Since D and N are pre-defined Mathematica function names, do some variable substitutions. Since the resulting system seems to take a long time and since some of your functions are simple linear combinations of others, do some function substitutions.

In[1]:= Simplify[{a[t] + c[t] - f[t] == 0, d[t] + e[t] + f[t] - i[t] == 0, 2 g[t] + h[t] == 0,
   a[t] - e[t] == 0, 2 d[t] + e[t] - h[t] == 0, a'[t]/3 + c'[t] == capN*2 a[t], 
   d'[t]/3+e'[t]/2+f'[t] == capD*(d[t]+e[t]) - e[t], g'[t]/3+h'[t]/2+i'[t] == capM*i[t]-capA} //.
   {a[t] -> e[t], a'[t] -> e'[t],
    h[t] -> -2 g[t], h'[t] -> -2 g'[t],
    f[t] -> a[t] + c[t], f'[t] -> a'[t] + c'[t], 
    i[t] -> d[t] + 2 a[t] + c[t], i'[t] -> d'[t] + 2 a'[t] + c'[t],
    g[t] -> - d[t] - e[t]/2, g'[t] -> -d'[t] - e'[t]/2}]

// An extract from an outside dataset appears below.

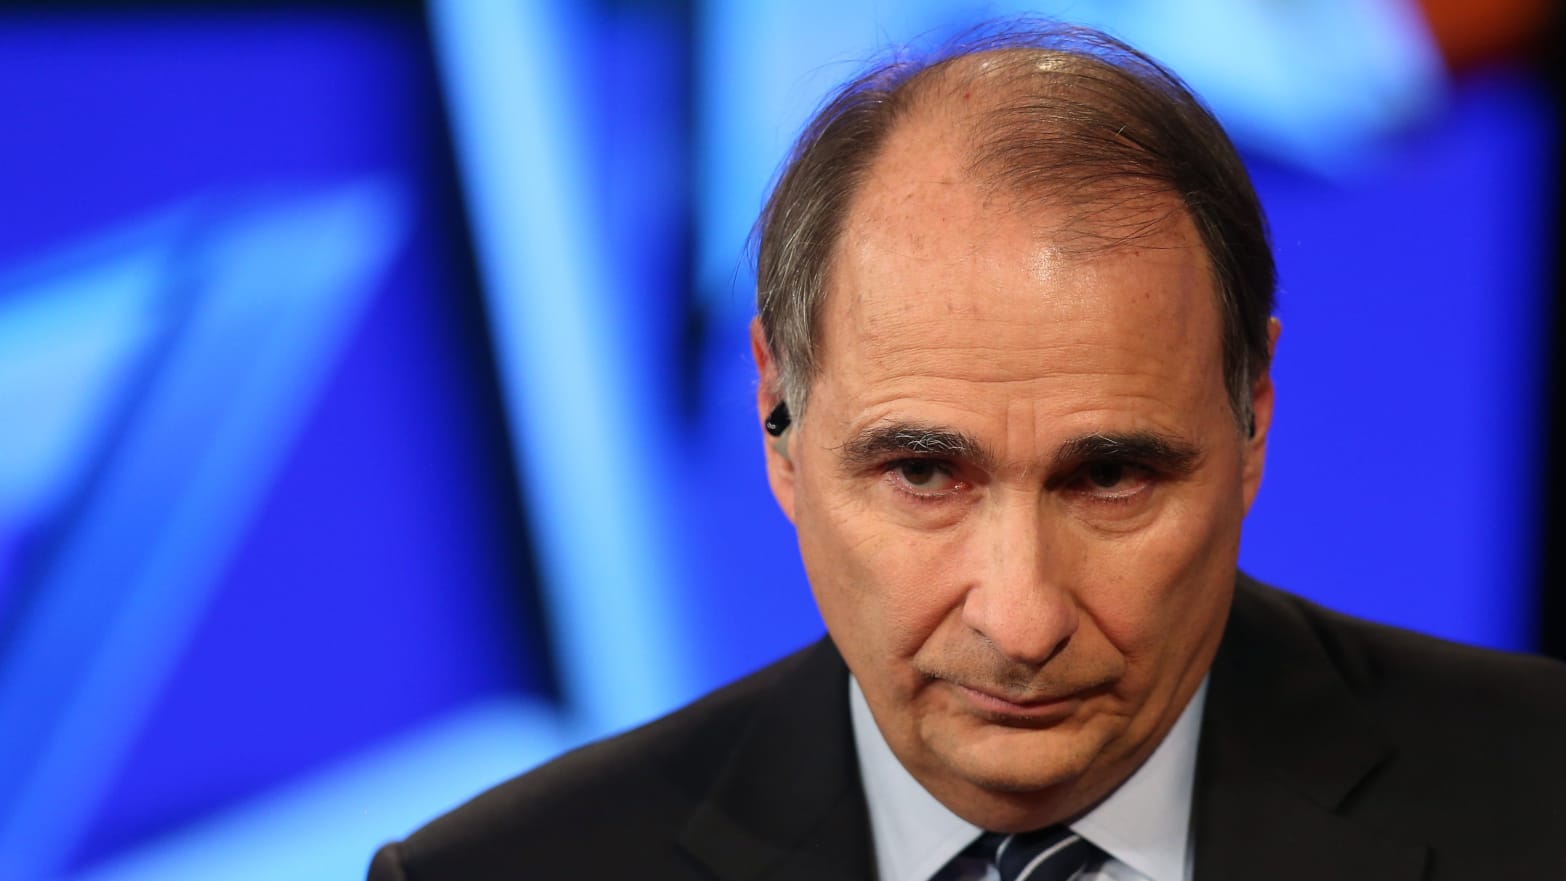 David Axelrod appears on television.

Out[1]= {True, True, True, True, True, 6 capN e[t] == 3 c'[t] + e'[t], 
 6 capD d[t] + 6 (-1 + capD) e[t] == 6 c'[t] + 2 d'[t] + 9 e'[t], 
 capA + c'[t] + (5 d[t])/3 + (7 e'[t])/3 == capM (c[t] + d[t] + 2 e[t])}

Then this

In[2]:= DSolve[{6 capN e[t] == 3 c'[t]+e'[t], 6 capD d[t]+6 (-1+capD) e[t] == 6 c'[t]+2 d'[t]+9 e'[t], 
  capA + c[t] + (5 d'[t])/3 + (7 e'[t])/3 == capM (c[t] + d[t] + 2 e[t])}, {c[t], d[t], e[t]}, t]

solves in a couple of seconds. Unfortunately the result is large and complicated, but with some study you might be able to see how to simplify this greatly. Then you can use that result to determine each of the functions that were eliminated.